In some embodiments, the aggregated result may include a result of one or more of the following operations on the intra-group elements: summing, averaging, counting, maximizing, averaging (i.e., median), minimizing, etc. That is, the aggregation may refer to one or more of summing, averaging, counting, maximizing, averaging, minimizing, and the like.

For intra-group counting, the number of elements of each group of the data column to be aggregated (i.e., the column to be aggregated) may be obtained from the multi-key grouping flag column. Referring to fig. 8A or fig. 8B, the number of elements of each group of the columns to be aggregated may be determined according to the grouping condition (group number corresponding to each object) corresponding to the multi-key grouping flag column, where the number of each group number is the number of elements of the corresponding group.

When the data column to be aggregated is stored in the party a and the party B in a fragmentation form, the parties can perform operations such as summation and averaging on the fragments of the same group of elements in the data column to be aggregated according to the grouping situation, so as to obtain the fragments of the aggregation result corresponding to each group. For example, for summation, a summation operation may be performed on the slices of the elements in the same group in the column to be aggregated according to grouping conditions, so as to obtain the slices of the sum value corresponding to each group. For the operations depending on the sorting, such as finding the maximum value, finding the median, finding the minimum value, and the like, since the sorting is preferentially performed based on the data columns to be aggregated, the pieces of the elements of the data columns to be aggregated in each group are also ordered, and the piece of the maximum value, the median piece, or the minimum value piece can be directly found in the group based on the pieces.

When the data to be aggregated is the private data of the party A or the party B, the party A or the party B can perform any aggregation operation according to the grouping condition to obtain the aggregation result of each group.

It should be noted that although the present specification mainly describes a two-party scenario as an example, the principle of the present specification can be generalized and applied to a multi-party (three or more parties) scenario.
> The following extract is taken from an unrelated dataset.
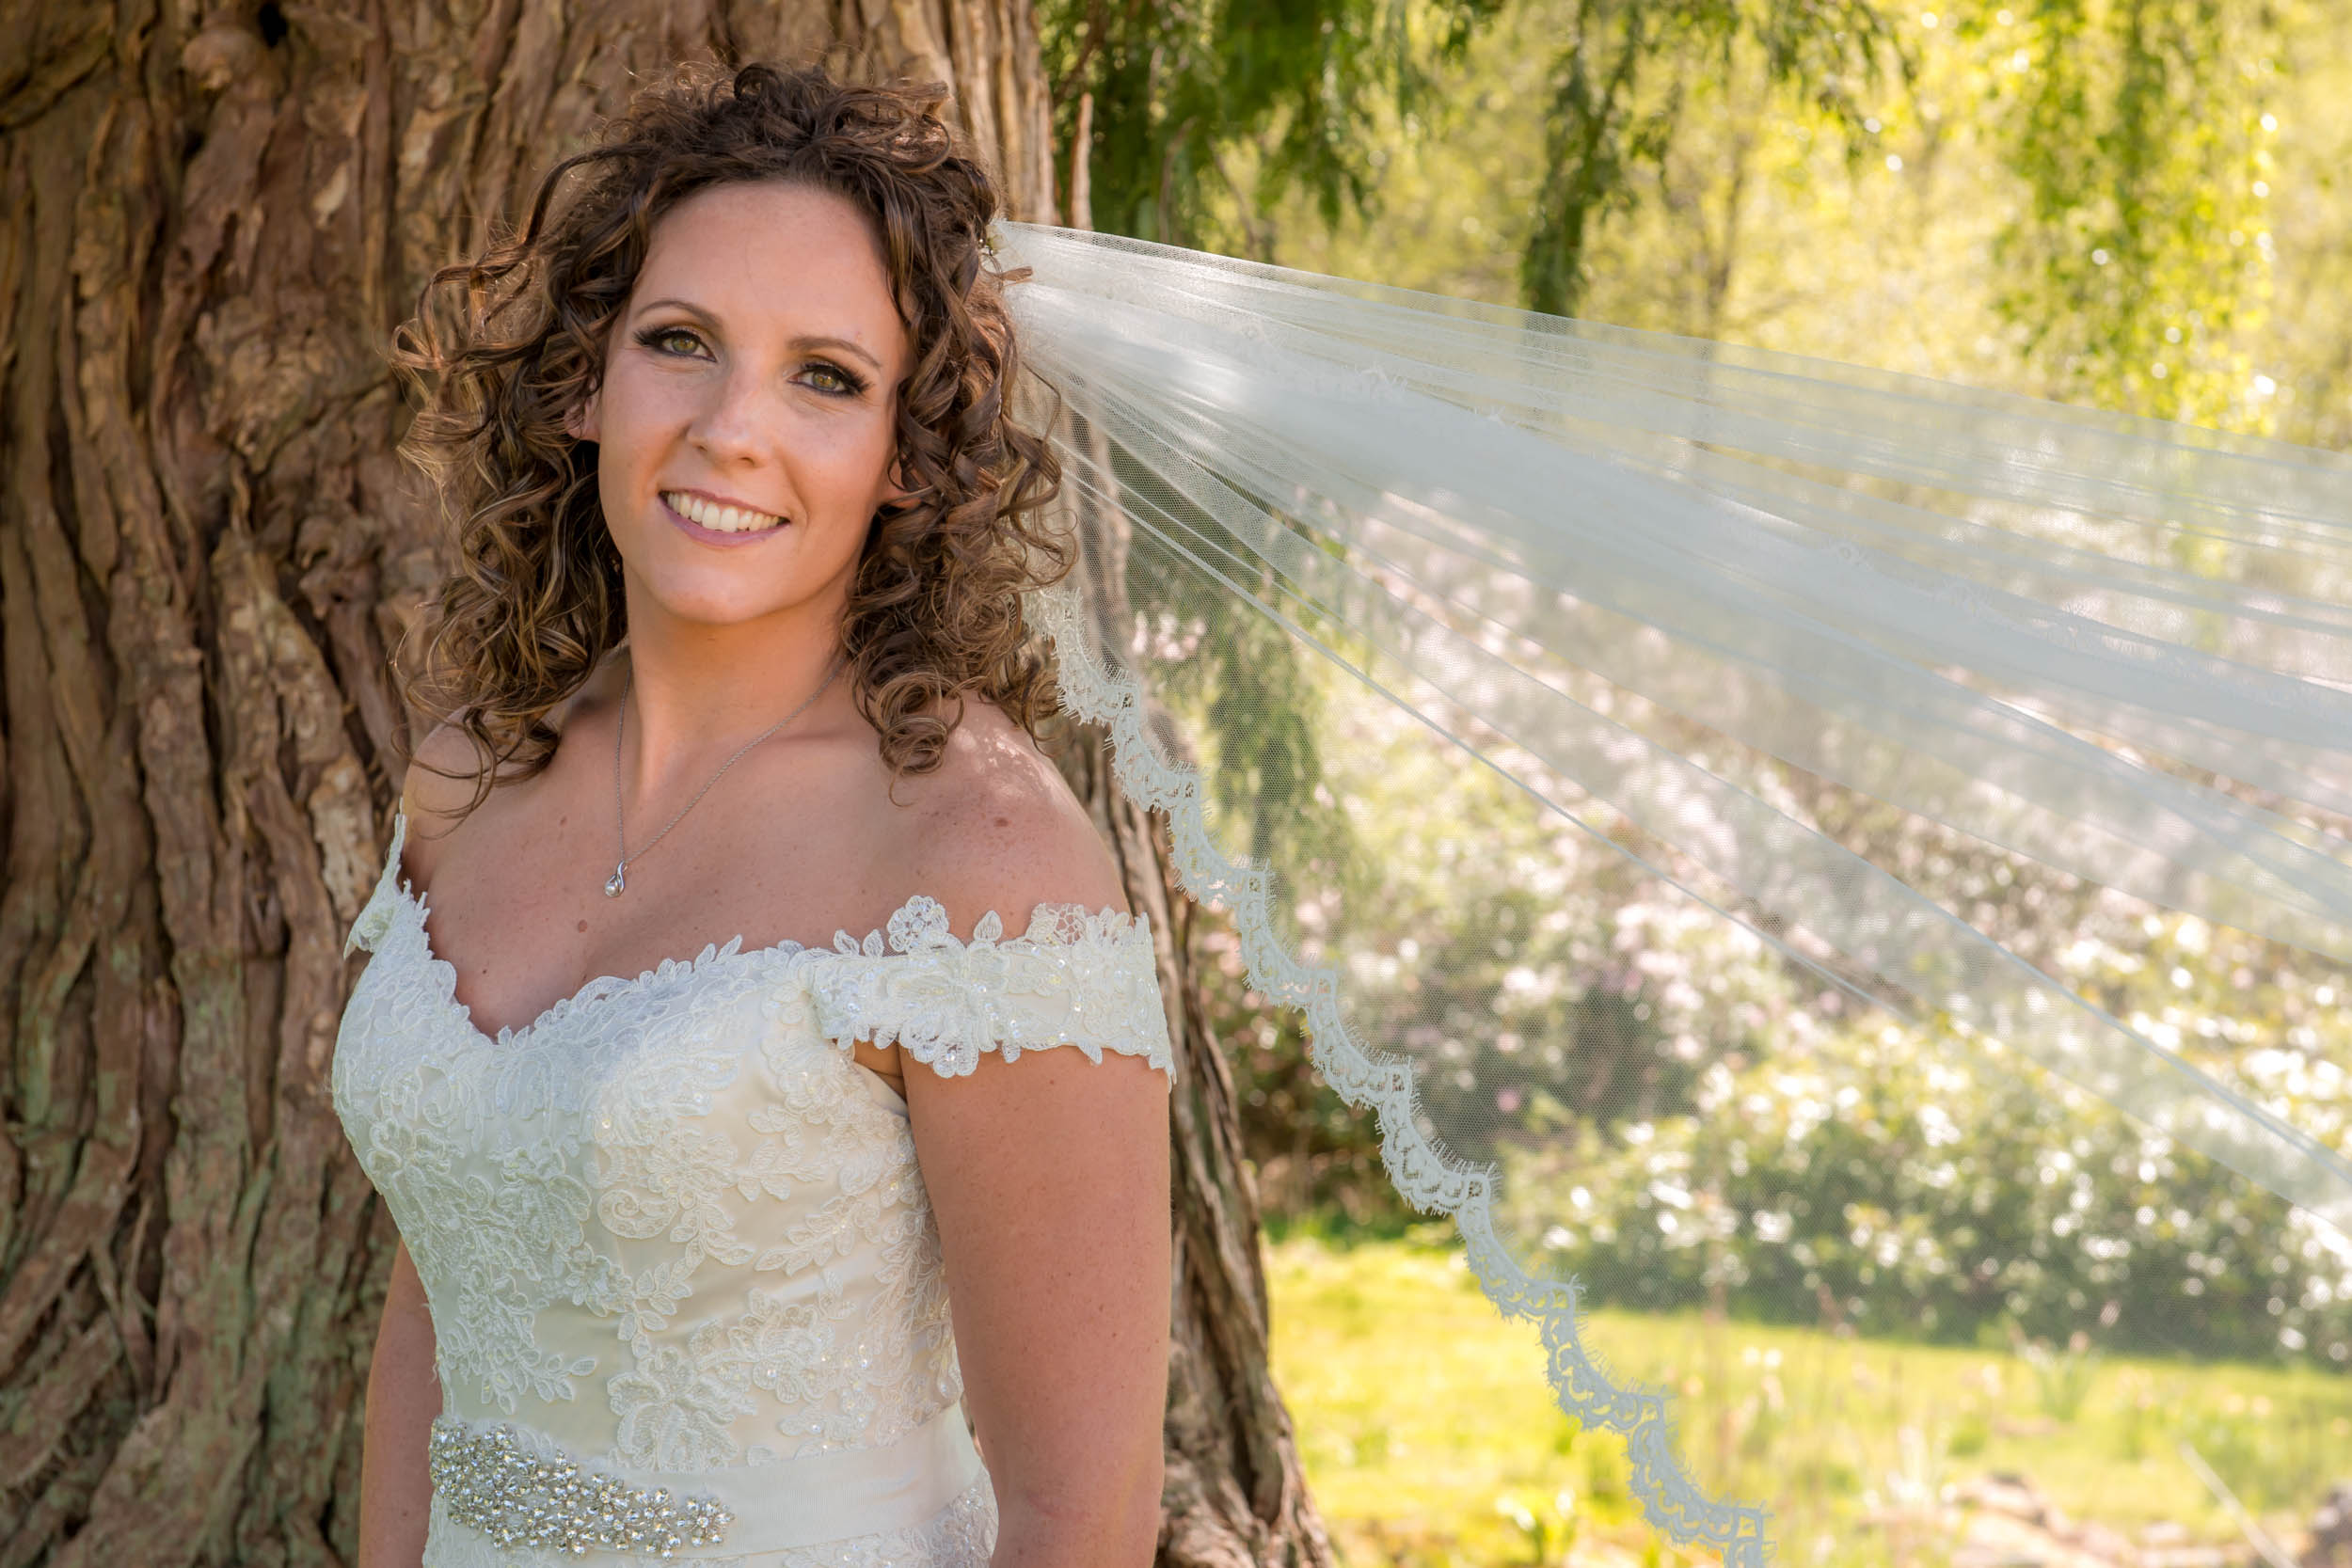 Paul-Saunders-Wedding-Photography-9779.jpg

In a multi-party scenario, any two parties may act as a pair of opposing parties to perform the aforementioned processes of party a and party B. In addition, when the data to be aggregated is listed as a single party private, the other party can only execute the steps 210-240 in the flow 200. It should be further noted that steps 210 to 230 in the process 200 are also applicable to the fragment of each data column corresponding to the sorting key owned by both sides, and a scenario in which the fragment of the multi-key grouping flag column needs to be cooperatively obtained. At this time, the fragments of the multi-key grouping mark column obtained by the two parties can be used as the known conditions of other multi-party secure computing tasks, so as to help the two parties to complete other multi-party secure computing tasks.

Fig. 9 is an exemplary block diagram of a multi-key grouping information acquisition system based on secret sharing according to some embodiments of the present description. System 900 may be implemented in any of a number of parties.

As shown in fig. 9, the system 900 may include an obtaining module 910, a first secret sharing operation module 920, and a second secret sharing operation module 930.

The obtaining module 910 may be configured to obtain a slice of a data column corresponding to an ordering key.

The first secret sharing operation module 920 may be configured to: and aiming at each sorting key, carrying out secret sharing operation with other parties based on the secret sharing fragment of the data column corresponding to the sorting key so as to obtain the fragment of the grouping mark column corresponding to the sorting key.

The second secret sharing operation module 930 may be configured to perform secret sharing operation with other parties based on the fragments of the grouping mark column corresponding to each sorting key, so as to obtain fragments of the multi-key grouping mark column.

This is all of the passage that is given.